Obesity is known to increase the risk of developing type 2 diabetes, a chronic condition that may impair the way your child’s body uses sugar (glucose). A poor diet can cause your child to develop high cholesterol, high blood pressure or both. These may result in a buildup of plaques in the arteries, thereby, narrowing and hardening arteries and possibly leading to a heart attack or a stroke later in life. Metabolic syndrome is also a complication. It is a cluster of conditions such as high blood pressure, high blood sugar, high triglycerides, low HDL (‘good’) cholesterol and excess abdominal fat. these conditions can put your child at risk of heart disease, diabetes or other health problems.

Children who are overweight or obese may more likely to develop asthma. Obstructive sleep apnea is a potentially serious disorder caused by an intermittent blockage of airflow during sleep. This leads to repeated cessation and starting of a child’s breathing during sleep. Obese children are more likely to break bones than their counterparts with normal weight. they are also likely to suffer from joint pains and hip dislocations.

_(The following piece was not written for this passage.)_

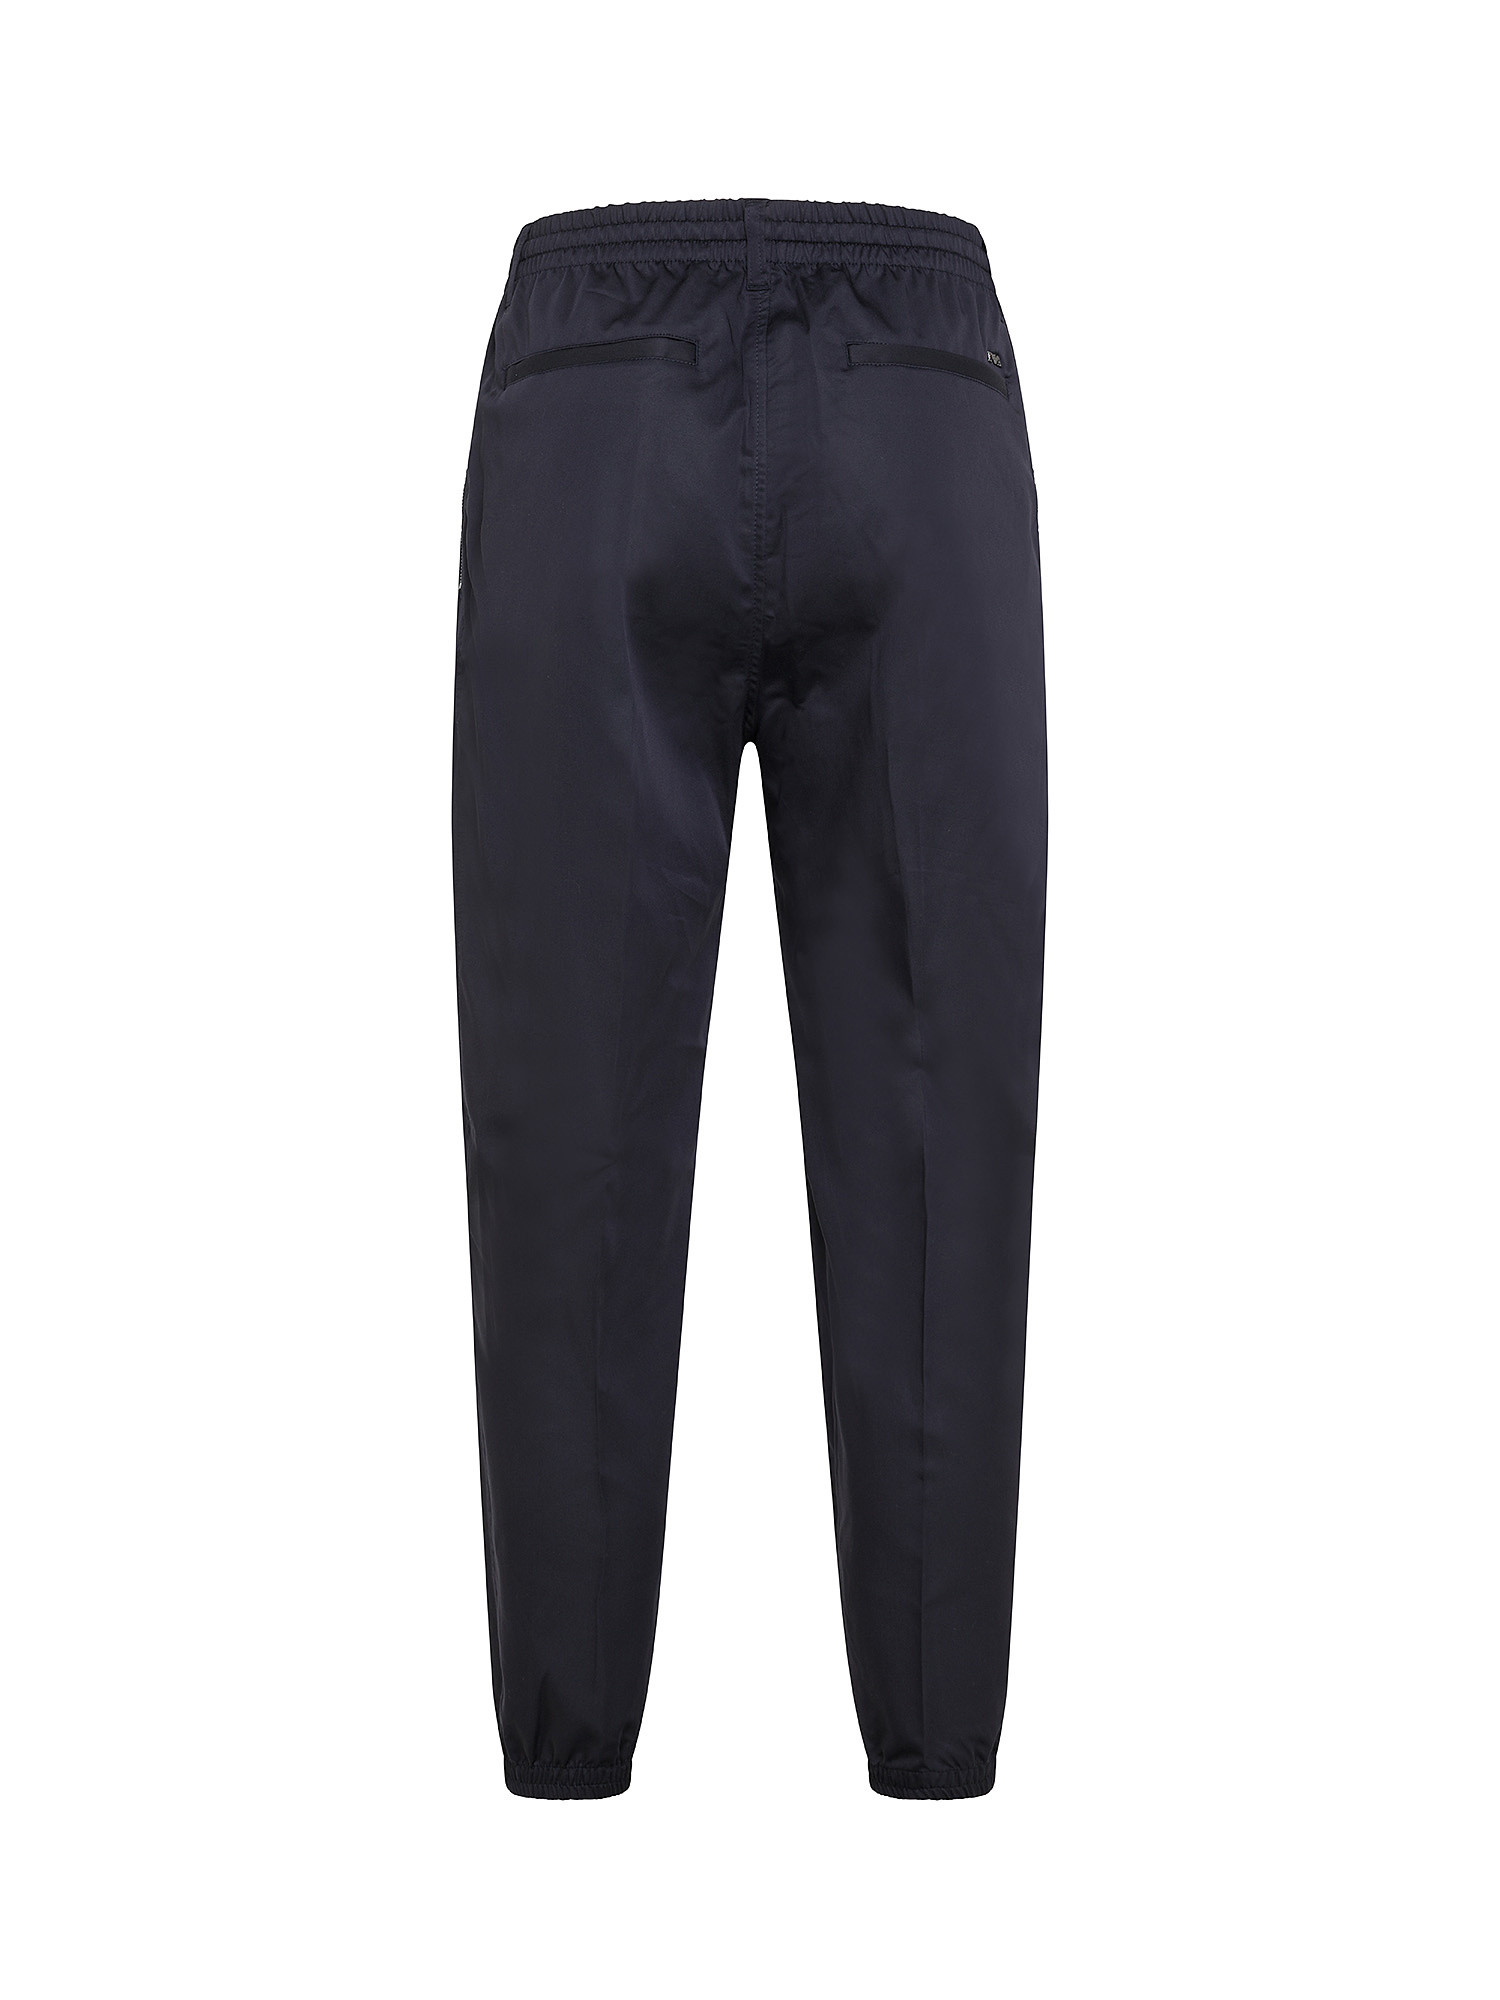 Emporio Armani - Pants with drawstring, Dark Blue, large image number 1

There is also non-alcoholic fatty liver disease. This disorder usually presents with no symptoms and causes fatty deposits to build up in the liver. NAFLD can lead to scarring and permanent liver damage.

Are obese children likely to be overweight in adulthood?

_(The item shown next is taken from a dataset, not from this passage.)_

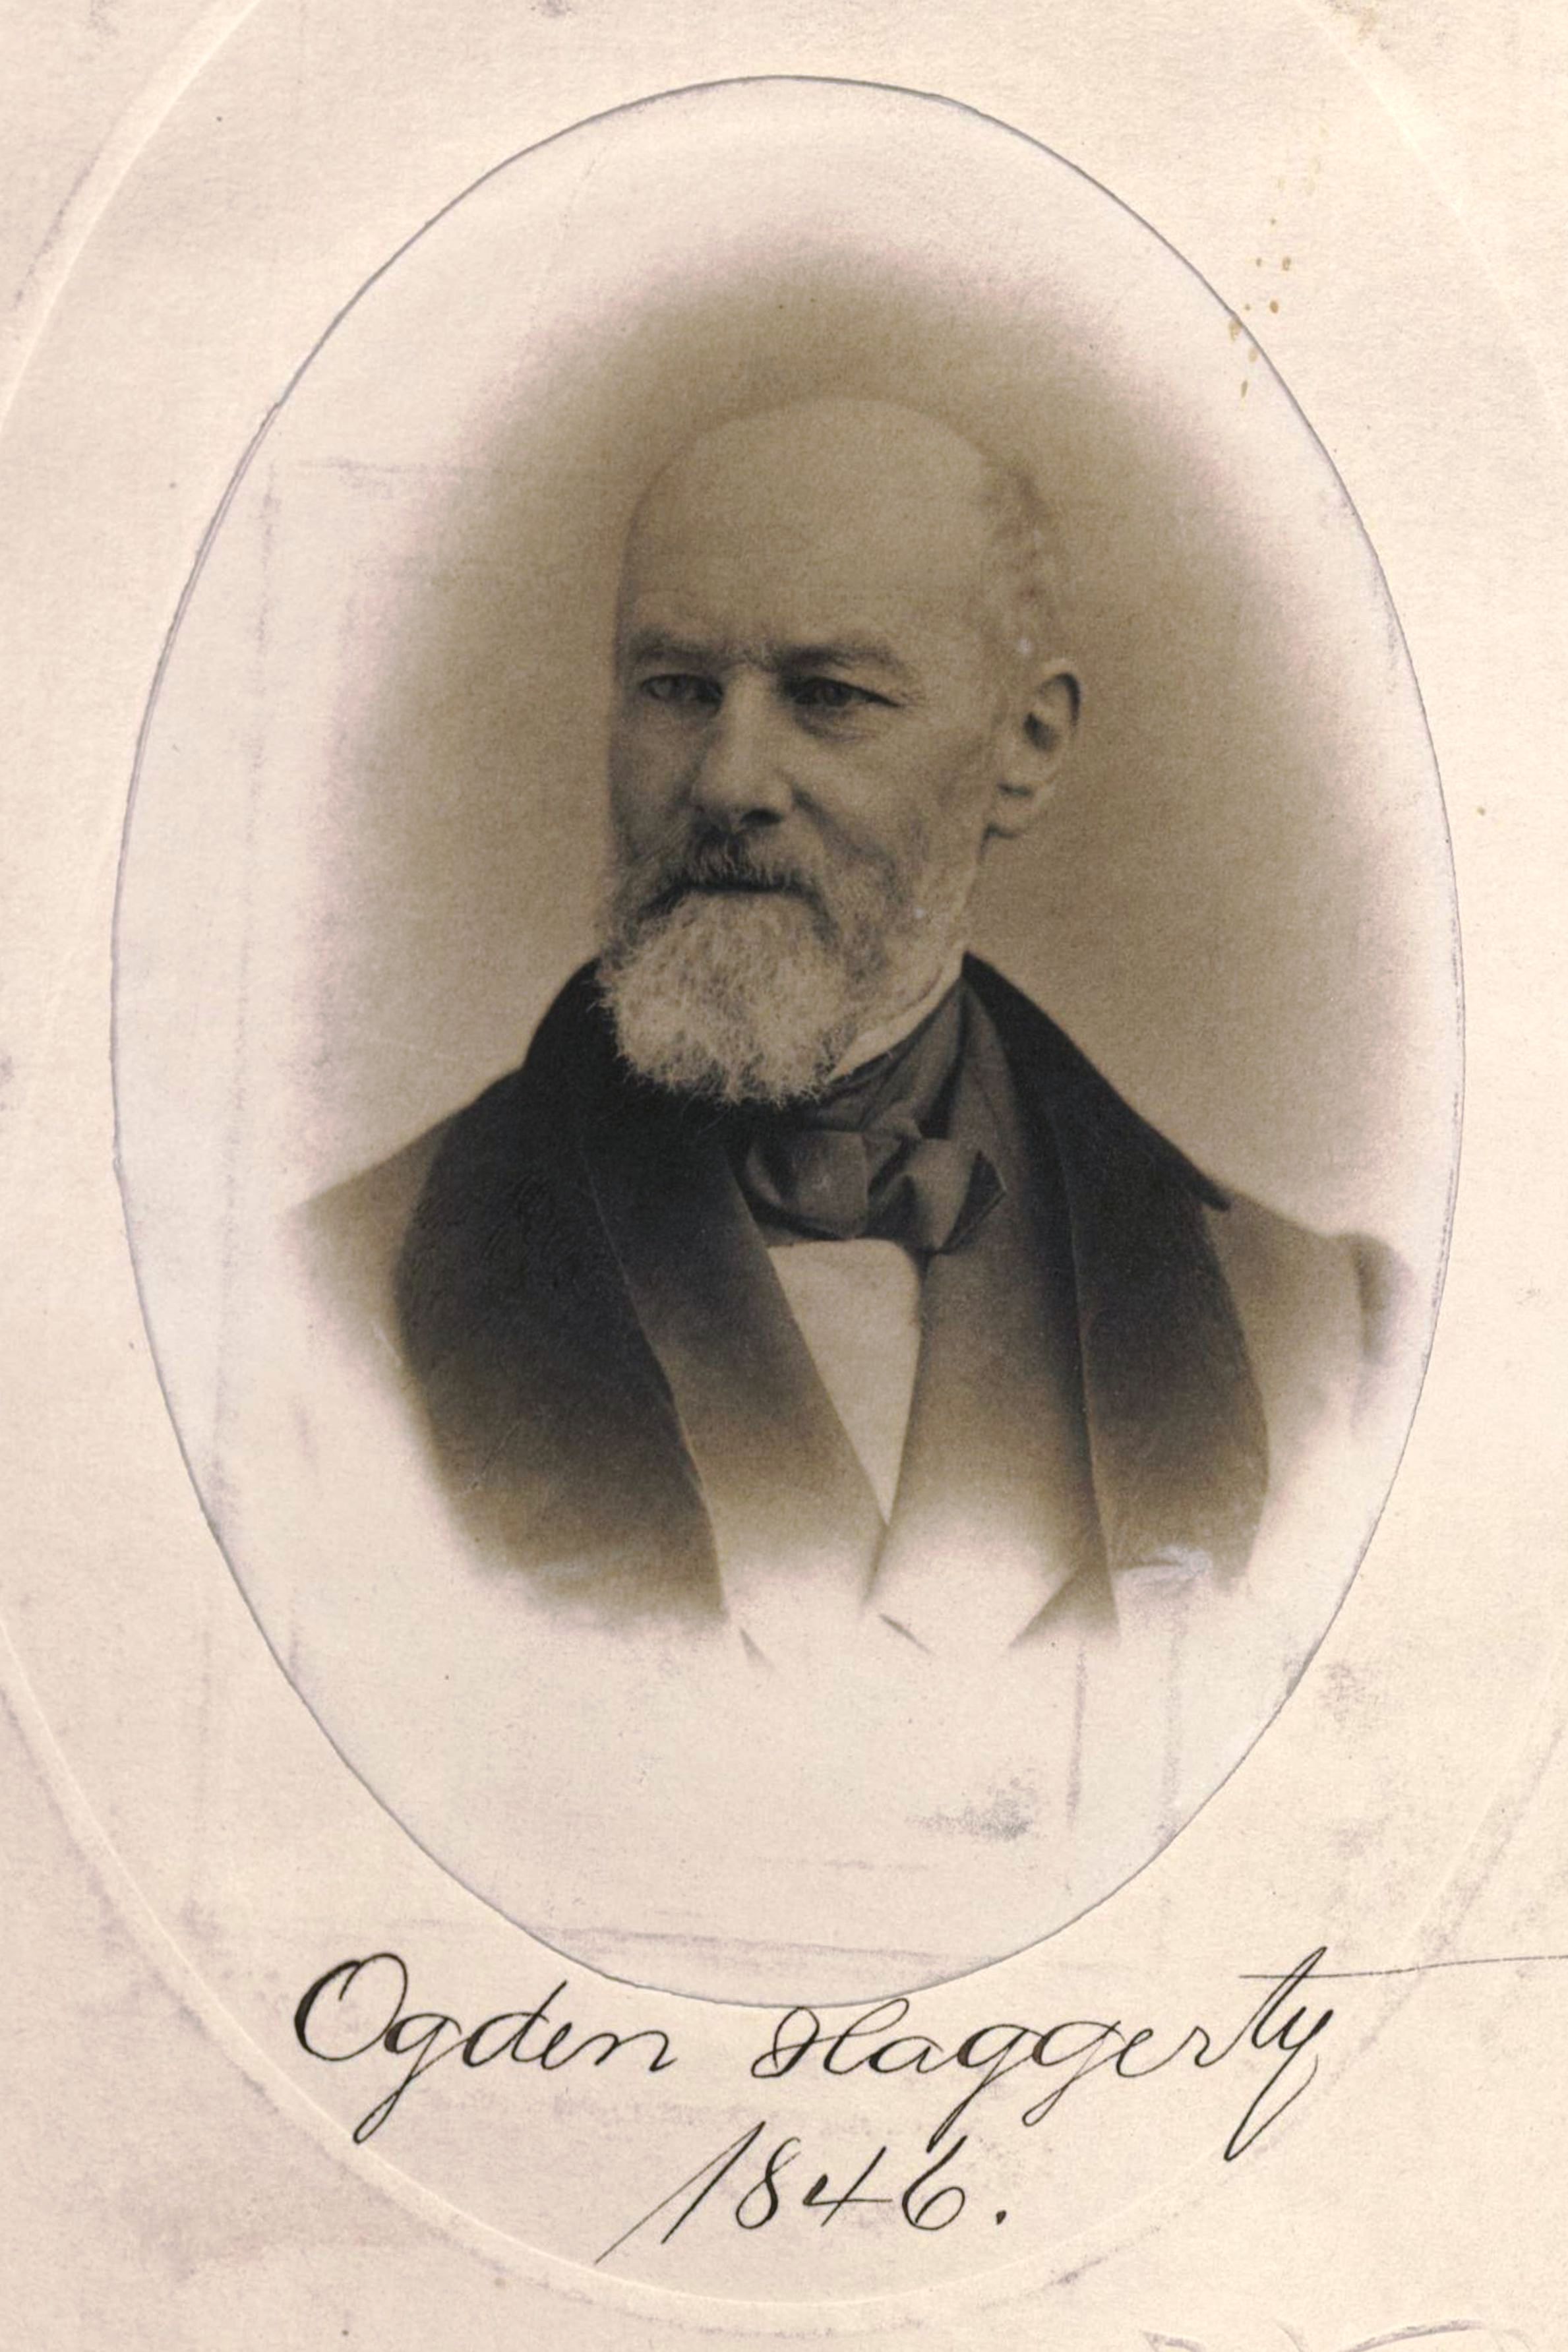 Member portrait of Ogden Haggerty

Yes. During their formative years, their eating patterns and sedentary nature become their lifestyles.

When is it necessary to see a doctor?

It is necessary to see a doctor as soon as a parent expresses concerns that the child is putting on weight, or notices symptoms of childhood obesity such as those listed above. the child’s history of growth and development, background, family’s lifestyle and weight-for-height history will be elicited. A physical examination will be carried out to determine the weight and height of the child; the BMI would be calculated and plotted on a chart to give a more objective assessment of the child’s status. A consultation with a nutritionist would be arranged as well.

What measures can parents take to prevent obesity in their children?

Parents should limit their children’s consumption of sugar-sweetened beverages or avoid them, if possible.

They should encourage the consumption of plenty of fruits and vegetables. Family meal times should be encouraged to teach your child how to make healthier choices, like adjusting portion sizes appropriately for age. Media time should be reduced to limit TV and other screen time to less than two hours a day for children older than two. And don’t allow television for children younger than two years. Be sure your child gets enough sleep. Also, schedule child checkups at least once a year and increase physical activities. Outdoor games and school physical activities should also be encouraged.